Back (for now)
Thu, 3 Jul 1997 12:00:53 +0000 (GMT)
Steve Brenner wrote,
> Dear Steve,
> Thanks for your detailed thoughts about the relationships between
> modules for 2D and 3D structure. [My comments deal with your overall
> design; I agree with all the issues, so I haven't repeated the text.]
> I like the general outline; I think I agree with you that 2D structure
> is a module which should somehow be applicable to both 3D and 1D
> structure. One consideration is that every (modern) 3D protein structure
> has a known 1D structure (i.e., sequence). So, perhaps an easy way to
> impelement all of this would be that a 3D-structure has a 1D-structure,
> and a 1D-structure has a 2D structure.
Sounds very elegant !
> I use 'has a,' as one sort of relationship, though I haven't figured out
> if that is best. Comments appreciated! One reason for this approach is
> that 1D-structure and 2D-structure are both discrete and linear.
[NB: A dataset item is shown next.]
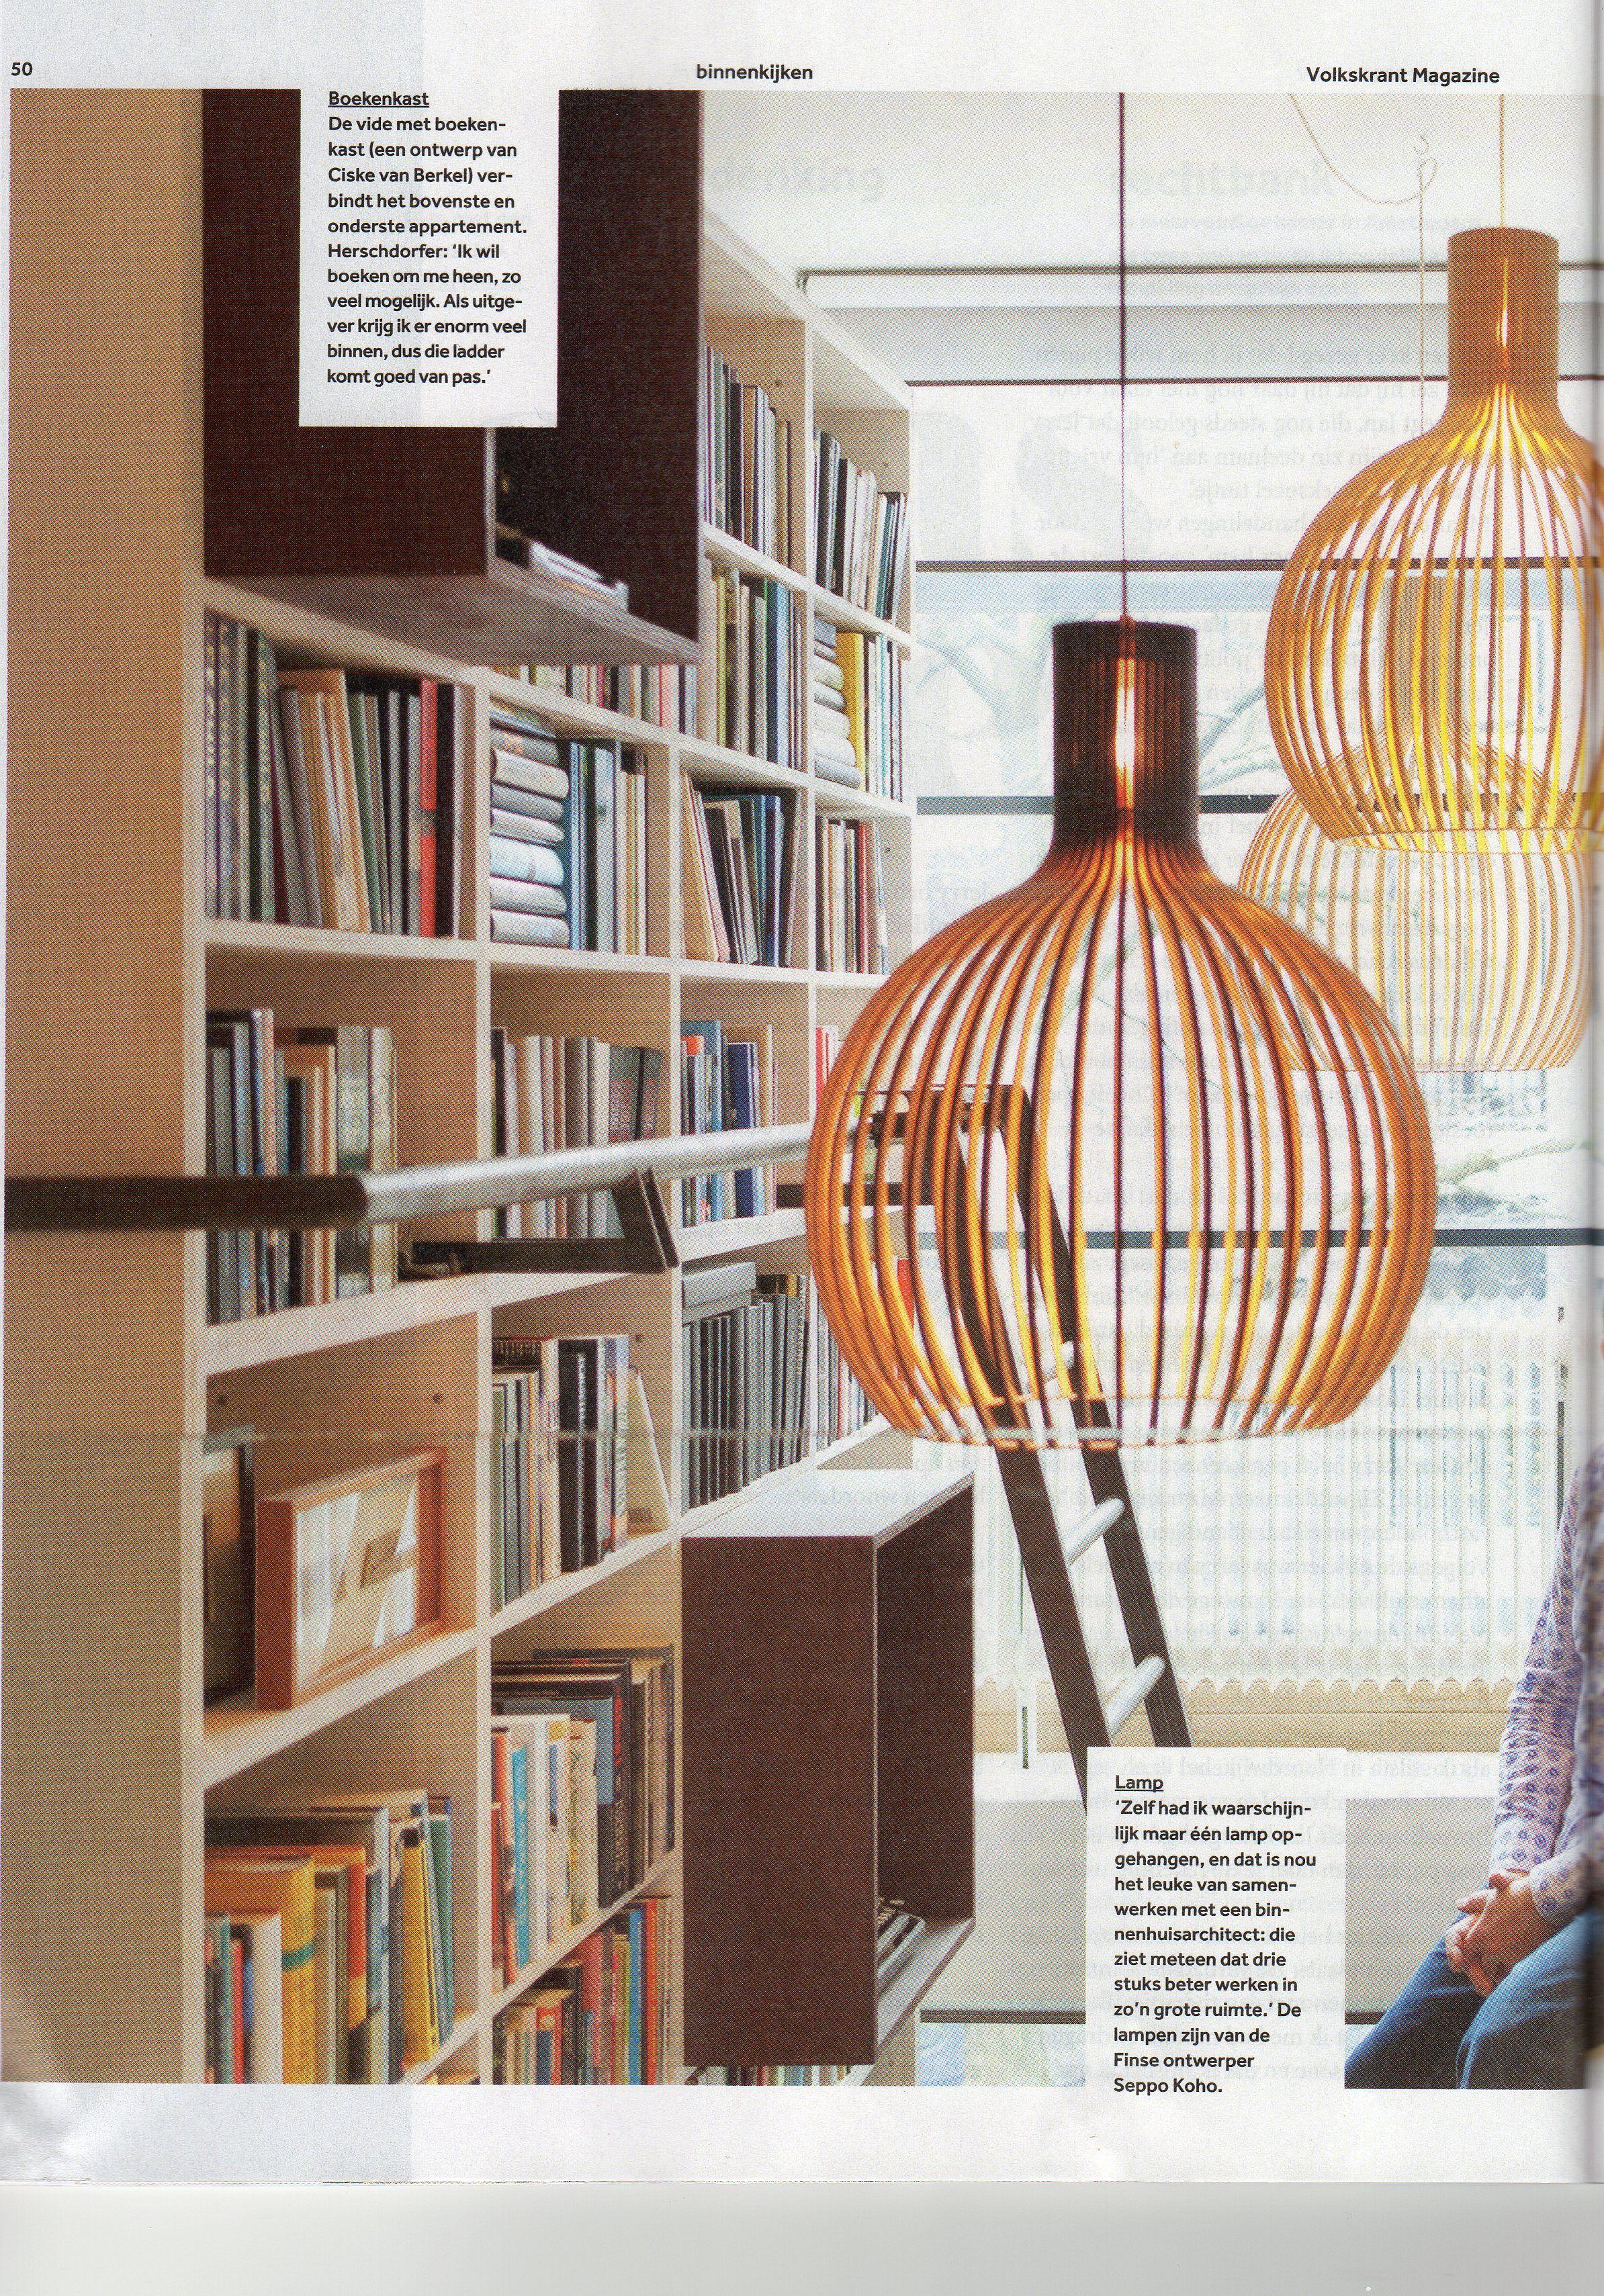 mooie hoge boekenkast | wandrekken/-kasten | Pinterest - Kasten

actually, 2D-structure of RNA may be non-linear -- it can have
pseudo-knots, etc. But that info could be stored extra.
> 3D-structure is neither; any atom can be in any place (though there are
> obviously some correlations), and the atomic geometry is not a linear. So,
> 2D-structure more neatly maps onto 1D-structure; since we do need to link
> the 1D and 3D strucutre, we might as well use that link to get to the 2D
> as well.
> I like your thoughts about folds (e.g., 4-helix-bundle), as a
> description of the 3D structure; I had not previously considered this.
> However, these describe a domain as a whole rather than any particular
> details of either the secondary or tertiary structure. Perhaps we should
> have a DomainDescription module which is sort of like the 2D-structure
> module. Where 2D-structure contains secondary structure elements,
> DomainDescriptions have folds. A tricky caveat here is that folds can be
> discontinuous in sequence.
> > However, there's one case where I can see some overlap between 3D and 2D
> > structural issues: circular dichroism (CD) experiments. Using CD you can
> > estimate the overall percentage of helix, sheet, and coil in a protein
> I think that these data are not archived anywhere and are basically not
> much trusted. They can be useful and we should keep the possibility of
> using them open. However, I don't think that they are of sufficient
> import that they should play a large role in building the hierarchy.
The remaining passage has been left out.